In the case of Conway v. N.E.P. Sno Trails, Inc., No. 15-CV-6543 (C.P. Lacka. Co. Dec. 4, 2020 Nealon, J.), the court granted a landowner’s Motion for Summary Judgment but denied a snowmobile club’s Motion for Summary Judgement in a case arising out of a snowmobile accident.
The court noted that, under the Recreational Use of Land and Water Act, the owner or occupant of land made available to the public for recreational use is immune from negligence liability for harm caused by a dangerous condition, unless the owner or occupant “charges the recreational user” to enter or use the land.
Absent any such monetary charge, the owner or occupant of the land may be liable only for “willful or malicious failure to guard or warn” against a dangerous condition or activity.
In this matter, both the landowner and the snowmobile club filed Motions for Summary Judgment on the grounds that the snowmobiler could not establish a cognizable duty in order to sustain a tort claim under the Recreational Use of Land and Water Act.

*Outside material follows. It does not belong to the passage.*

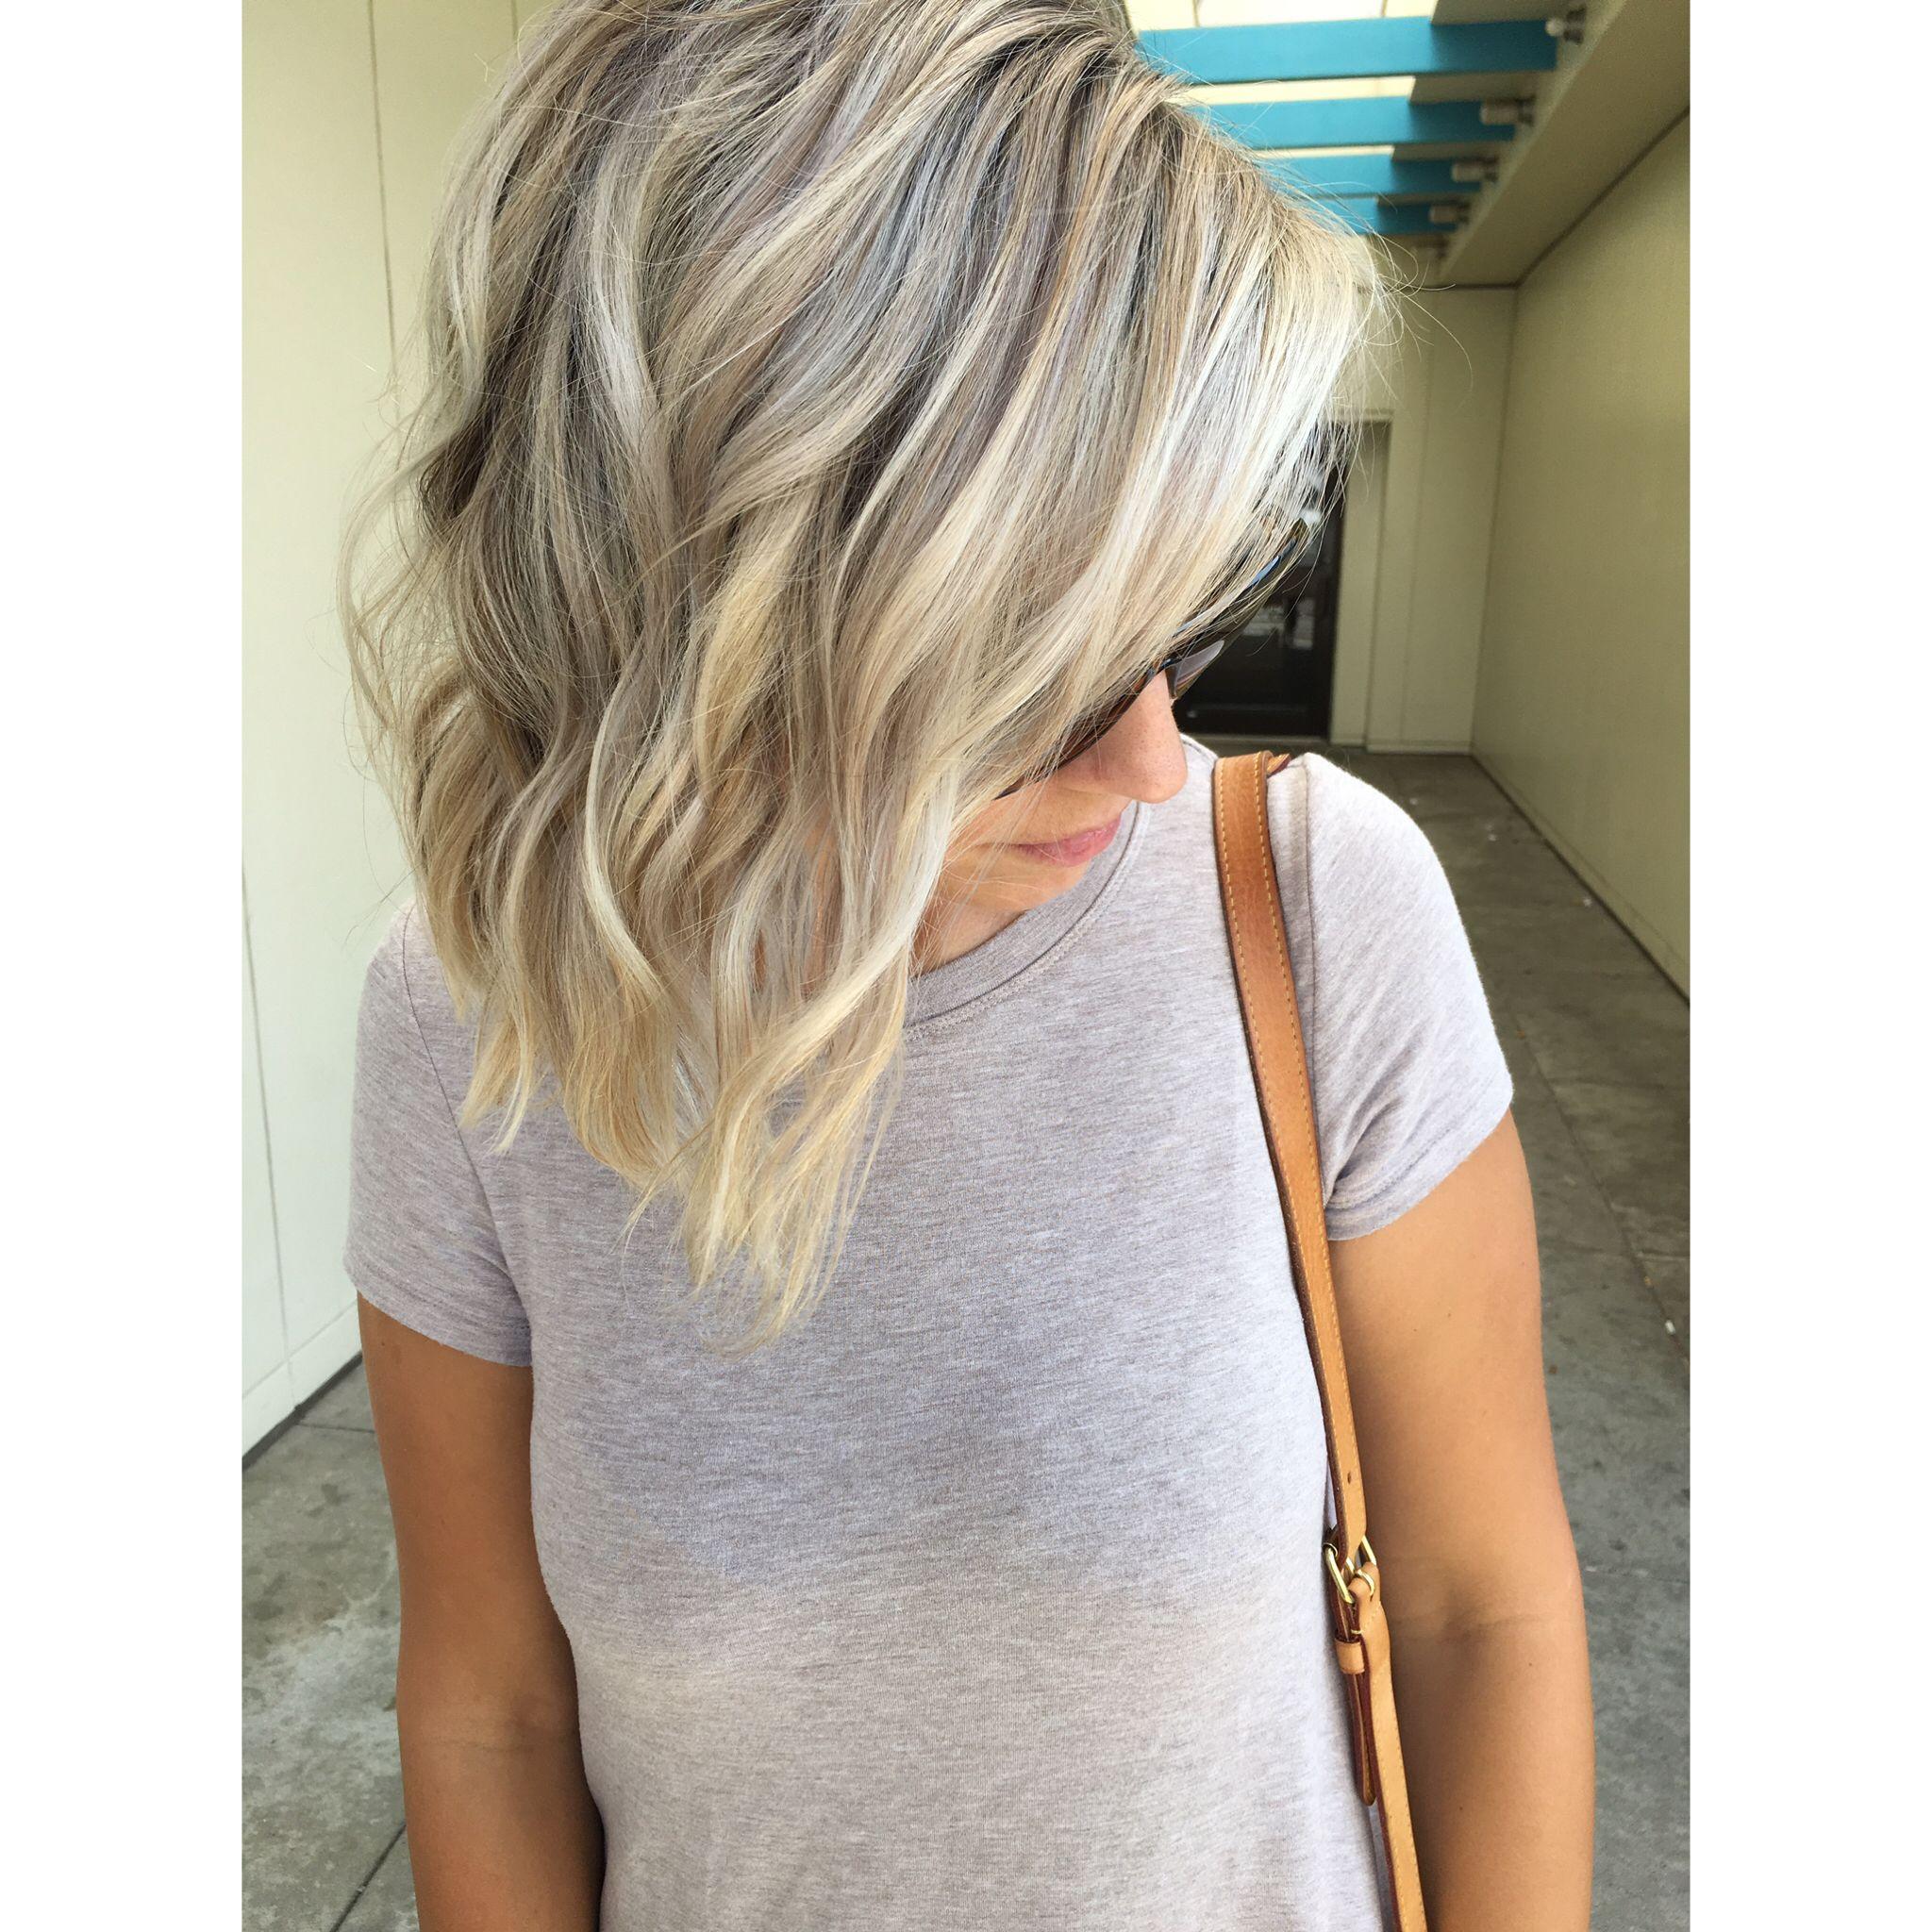 Blonde highlights ideas pinterest - Cool Blonde Partial Highlight

The snowmobile club alternatively argued that it owed no duty to the snowmobiler who had assumed the risk of his own injury.
After noting that the landowner had not charged either the snowmobile club or the snowmobiler any fee to enter its land or to use the trail, the court noted that the Defendant landowner was entitled to summary judgement under the Act. The court also noted that there was no allegation or evidence that the landowner was chargeable with a willful or malicious failure to guard or warn against the dangerous condition.
With regards to the motion filed by the snowmobile club, the court denied the Motion for Summary Judgment filed by the snowmobile club as there were issues of fact as to whether the club charged the Plaintiff a fee to use the trail. The court also found issues of act as to whether the snowmobiler had assumed the risk. As such, the snowmobile club’s Motion for Summary Judgment was denied.